= Fair procedure =

Common-law doctrine

Fair procedure is a common-law doctrine that arises from a line of groundbreaking decisions of the Supreme Court of California dating back to the 1880s. Certain types of private actors (especially professional associations, unions, hospitals, and insurance companies), due to their overwhelming economic power within certain fields, cannot arbitrarily expel members or employees or deny persons admission for no logical reason; they are obligated to provide a rudimentary form of procedural due process (in the form of notice and a hearing). It is contrasted against due process in that it applies to private actors, while due process normally applies only to state actors.

Damages for violating the right of fair procedure can be substantial. For example, the State Compensation Insurance Fund was found liable for $1,131,000 for arbitrarily denying a small medical clinic admission to its preferred provider network. But the right of fair procedure only applies where the conduct of the challenged private entity would destroy the plaintiff's right to practice a lawful trade or profession. Because it is possible (though slightly more difficult) to find gainful employment in the motion picture industry without being the holder of an Academy Award, the conduct of the guilds that determine eligibility for the Oscars is not subject to fair procedure.
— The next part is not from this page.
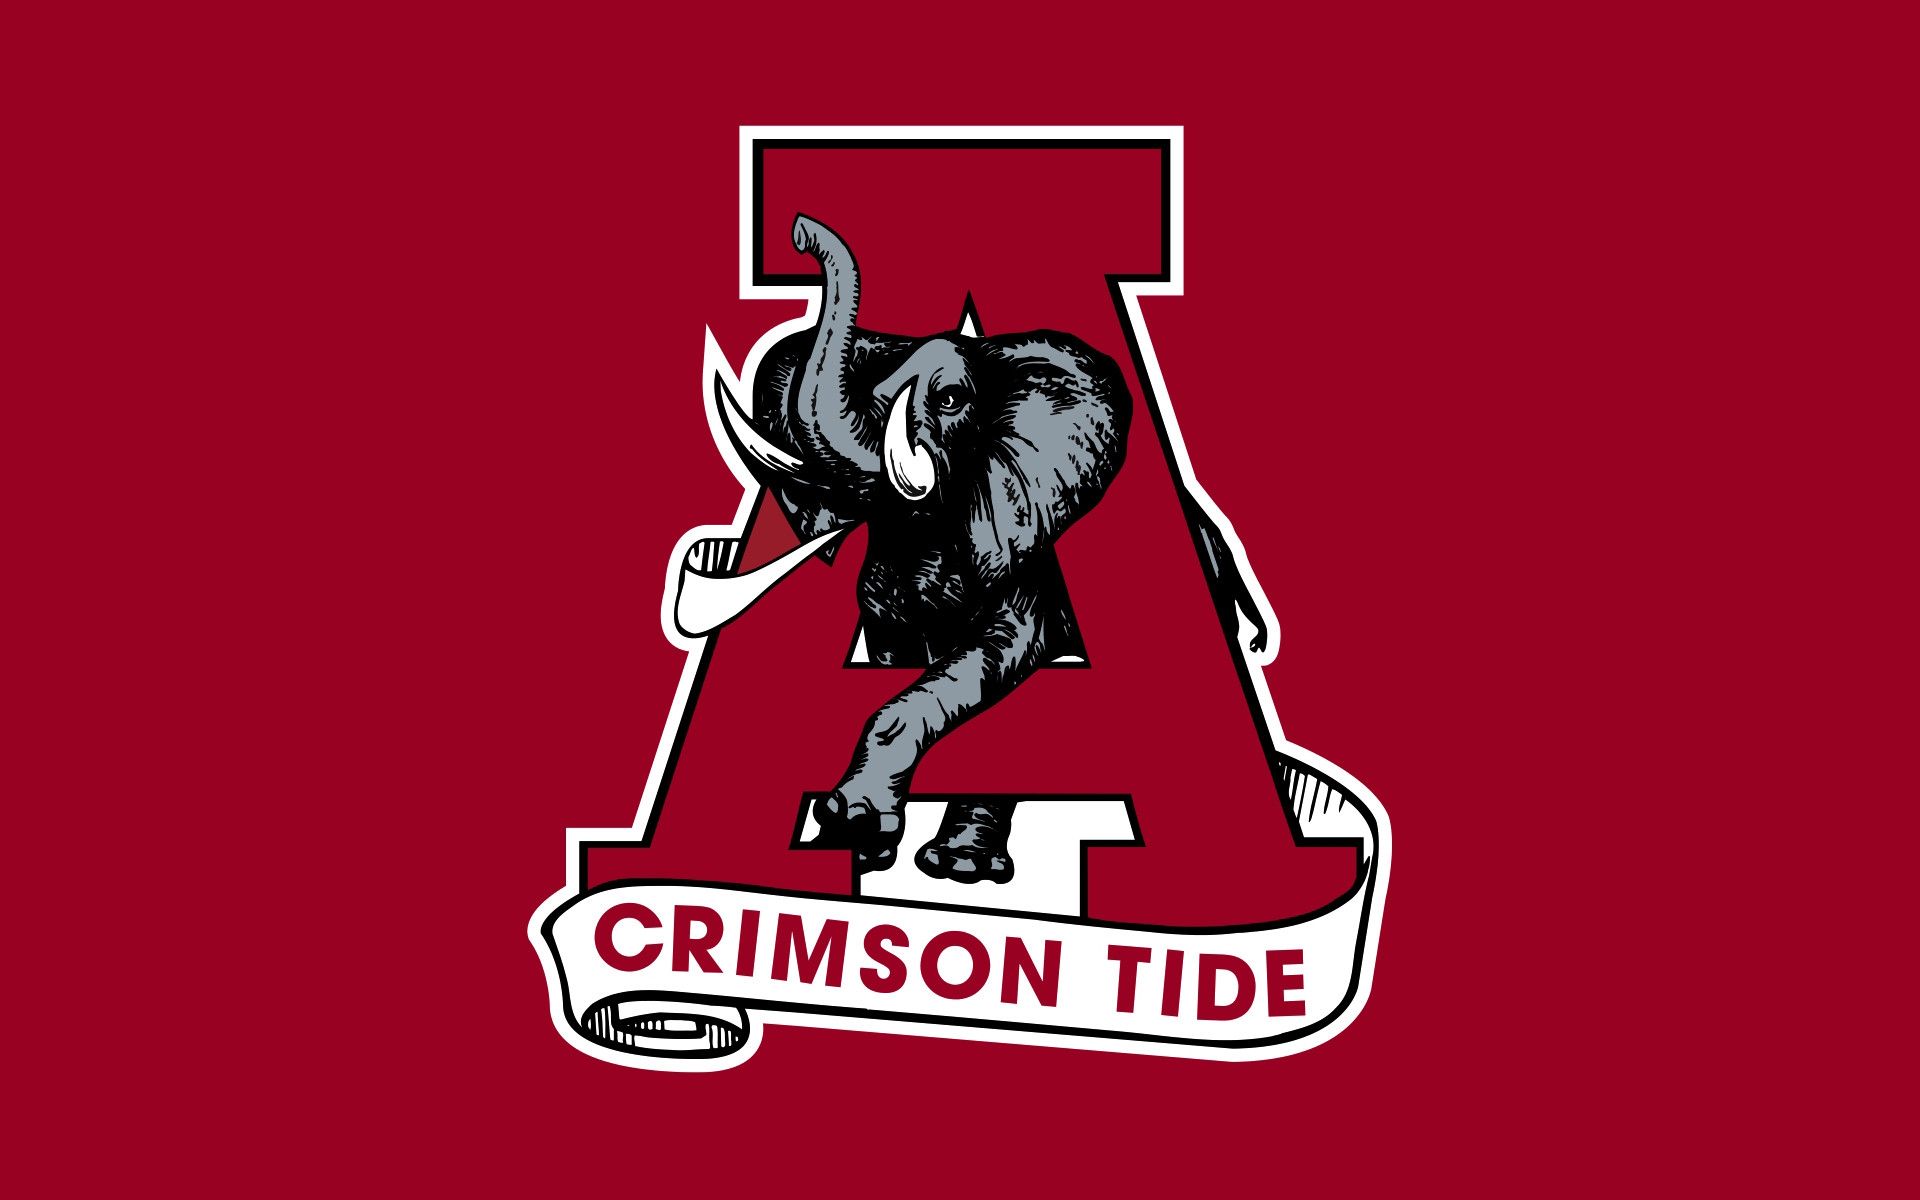 Alabama Crimson Tide Desktop Wallpaper Sf

Another limitation, of course, is that although the right of fair procedure (if applicable) clearly requires something slightly less than procedural due process, it does not require the affected party to be afforded more rights than would be available under procedural due process. Thus, when the plaintiff's professional association had clearly given him the benefit of far more procedural protections than he would have been entitled to from any government entity, he had received the benefit of fair procedure and had no cause of action for the mildly adverse action that resulted.

In the US, the existence of a separate doctrine of fair procedure for private actors is necessary because due process generally controls only decisions taken by state actors. In contrast, the broader UK doctrine of natural justice applies to both public and private entities.